(Prompt)
Number of lines with "Baby" in the data: give that figure by itself.

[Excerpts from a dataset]
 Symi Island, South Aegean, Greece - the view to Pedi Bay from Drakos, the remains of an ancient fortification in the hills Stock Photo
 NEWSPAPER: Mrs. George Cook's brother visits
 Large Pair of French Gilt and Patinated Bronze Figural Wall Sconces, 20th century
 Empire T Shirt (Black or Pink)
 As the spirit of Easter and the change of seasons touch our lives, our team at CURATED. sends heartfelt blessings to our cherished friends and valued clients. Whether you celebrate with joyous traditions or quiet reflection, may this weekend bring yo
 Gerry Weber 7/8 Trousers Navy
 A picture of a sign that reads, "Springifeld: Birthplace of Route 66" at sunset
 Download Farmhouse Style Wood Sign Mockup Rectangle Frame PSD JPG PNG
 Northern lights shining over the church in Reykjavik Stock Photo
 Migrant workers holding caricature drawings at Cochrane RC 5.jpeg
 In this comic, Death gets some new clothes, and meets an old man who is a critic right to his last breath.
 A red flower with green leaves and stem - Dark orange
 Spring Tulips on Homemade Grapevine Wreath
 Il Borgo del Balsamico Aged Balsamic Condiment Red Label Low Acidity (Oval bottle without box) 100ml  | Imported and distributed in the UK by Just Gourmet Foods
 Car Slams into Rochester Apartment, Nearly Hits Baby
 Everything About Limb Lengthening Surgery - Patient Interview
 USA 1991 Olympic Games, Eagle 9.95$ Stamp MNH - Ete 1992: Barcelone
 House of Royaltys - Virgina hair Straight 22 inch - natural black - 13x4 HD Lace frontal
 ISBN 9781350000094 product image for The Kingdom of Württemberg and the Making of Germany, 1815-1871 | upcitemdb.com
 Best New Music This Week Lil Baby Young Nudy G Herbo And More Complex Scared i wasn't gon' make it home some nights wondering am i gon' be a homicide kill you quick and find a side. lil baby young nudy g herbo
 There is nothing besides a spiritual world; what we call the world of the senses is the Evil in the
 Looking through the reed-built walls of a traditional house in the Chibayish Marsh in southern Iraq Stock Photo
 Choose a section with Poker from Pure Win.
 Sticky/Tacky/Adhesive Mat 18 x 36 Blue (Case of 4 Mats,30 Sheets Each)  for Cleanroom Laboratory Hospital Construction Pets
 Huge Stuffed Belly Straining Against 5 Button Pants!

(Response to this task)
2